SOUTHERN RED RICE
Meat Lover's Meatless Cookbook
by Kim O'Donnel
When I make a pot of Southern red rice, I feel as if I'm taking a bite out of history.
Rice was a major contributing factor for a booming slave trade in South Carolina for more than one hundred years and has played a pivotal role in African American history, cuisine, and culture. In the 1730s, Charleston, South Carolina, was rice central, where some twelve thousand slaves from West Africa were indentured for this purpose. And in the cuisine of the Gullah people, descendants of these slaves, rice figures prominently. Red rice is one such dish, and it is believed to be an adaptation of Jollof rice, a tomato-based pilaf from the Wolof people of West Africa.
Traditionally, red rice is seasoned with pork fat, but this version gets its smoke from smoked paprika, a.k.a. pimenton de la vera. Tangy, garlicky, and pillowy on the tongue, the rice feels more like a risotto than a pilaf. It plays nicely with the roasted green bean medley, but would graciously welcome okra if the cook wants to go all-out southern.
Kitchen Notes: You may grill the veg in lieu of roasting them. Make sure you have a grill basket big enough for even cooking. The balsamic vinegar would be applied just before serving. Whatever you decide, prep the veg medley while the rice is simmering.
When in season, vine-ripe tomatoes, are the obvious choice for the "red" part of the rice.
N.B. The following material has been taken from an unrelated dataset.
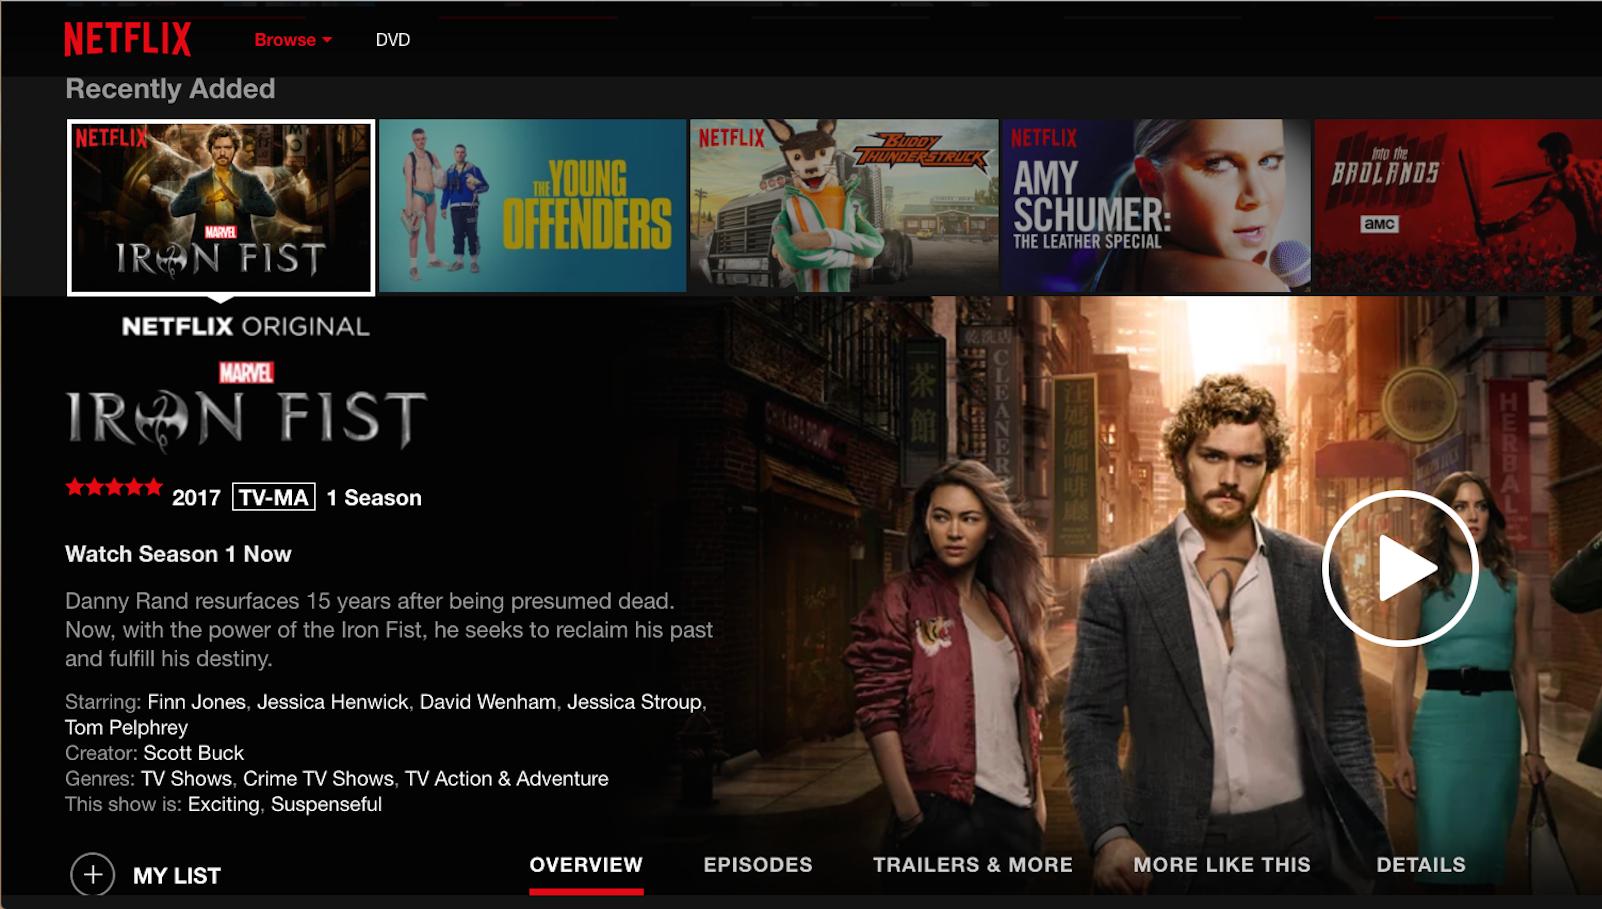 Netflix (NFLX) is nixing its old star-rating system — Quartz
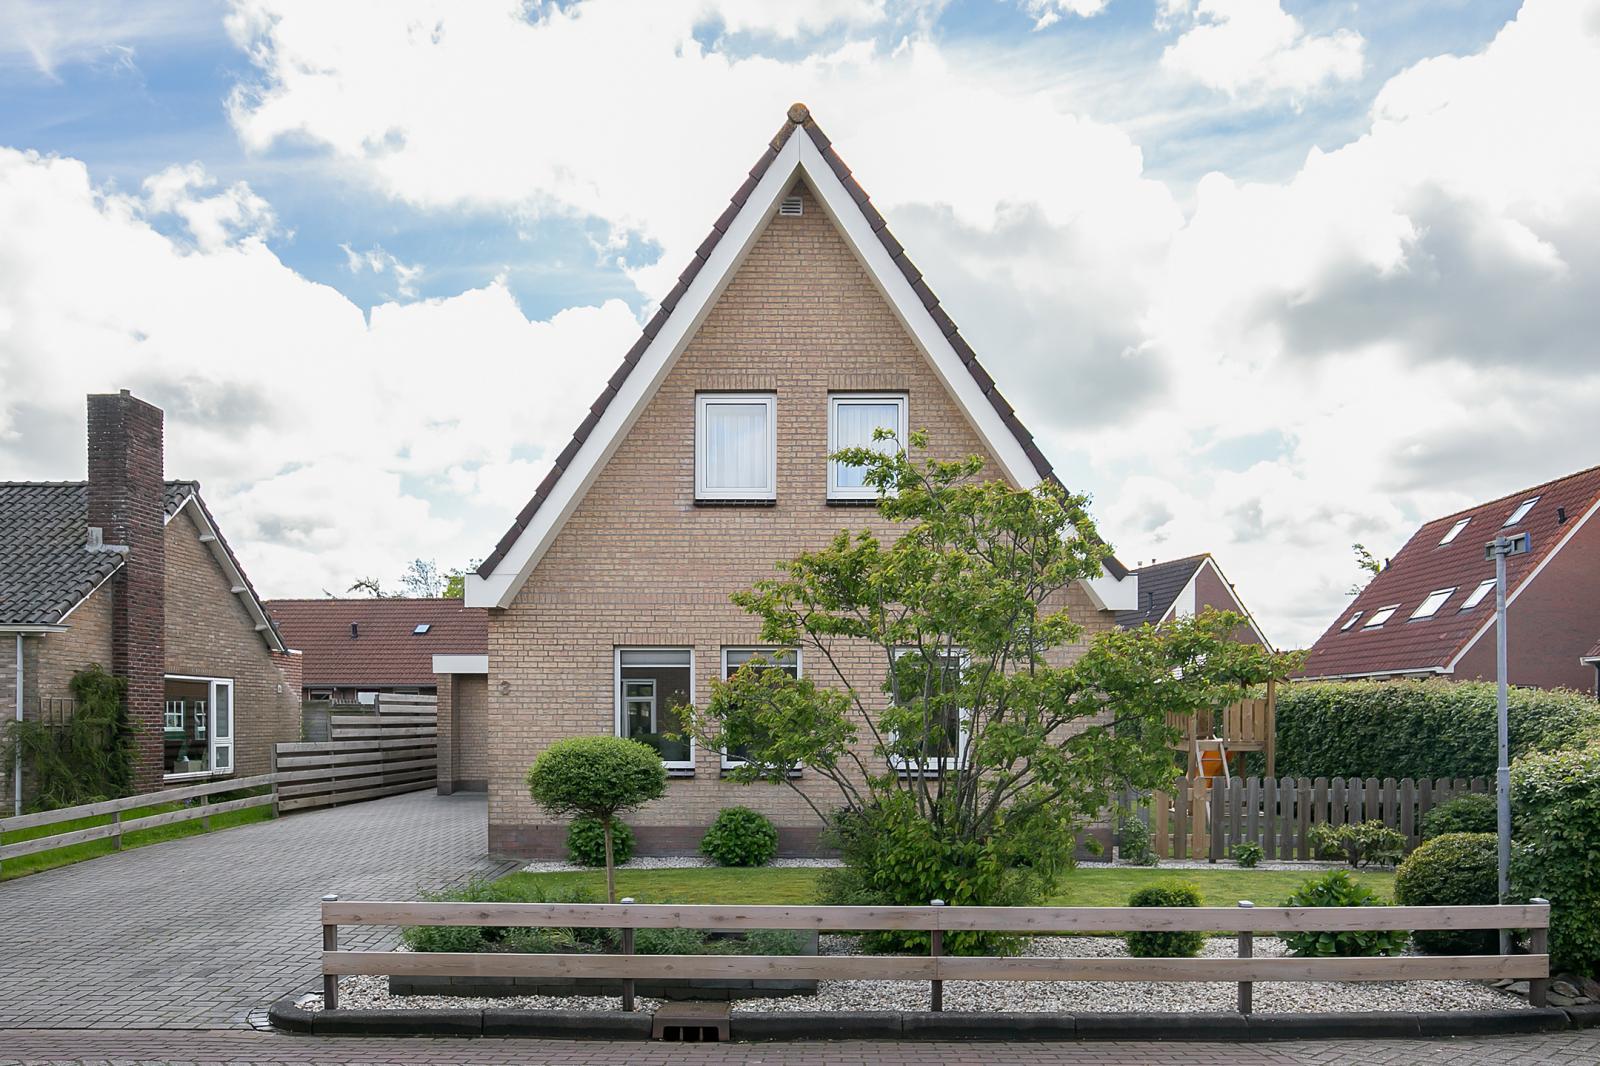 rinnert-anemastraat-3-ijlst-1224

Use 2 pounds of tomatoes, cored and quartered.
Makes 4 servings
• 1 (28-ounce) can whole Italian tomatoes, preferably without salt
• 1 teaspoon crushed red pepper flakes
• 1 teaspoon smoked paprika
• 1 teaspoon salt
• 1/2 teaspoon ground black pepper
• Leaves from 1 to 2 sprigs fresh thyme (optional)
• A glug of your favorite hot sauce (optional)
• 3 tablespoons vegetable oil
• 1 medium-size onion, diced
• 3 cloves garlic, minced
• 1½ cups uncooked long-grain rice
• 2 to 2½ cups water
• 1/4 cup chopped fresh parsley, for garnish
In a food processor or heavy-duty blender, puree the tomatoes until well blended and season with the red pepper flakes, smoked paprika, salt, pepper, and thyme and hot sauce (if using).
In a medium-size saucepan with a lid, heat the oil over medium heat and add the onion. Cook, stirring occasionally, until slightly softened, about 5 minutes. Add the garlic, stirring to keep from burning, and saute for 1 minute. The kitchen will begin to smell good.
Add the rice, stir to coat with the aromatics, and allow to toast for 1 to 2 minutes. The rice will become fragrant and slightly translucent.
Add 2 cups of the water and bring to a lively simmer. Transfer the puree to the rice mixture, stir to combine, and return to a lively sim- mer. It will look very soupy, but don't fret.
Lower the heat to low, cover, and simmer for 20 minutes. Do not stir. If the rice is getting too dry, add the balance of the water, 1 table- spoon at a time.
Return the cover and continue to cook for an additional 20 minutes, until the liquid has been absorbed. The rice will be somewhat wet and sticky (like a risotto) versus dry and fluffy (like a pilaf).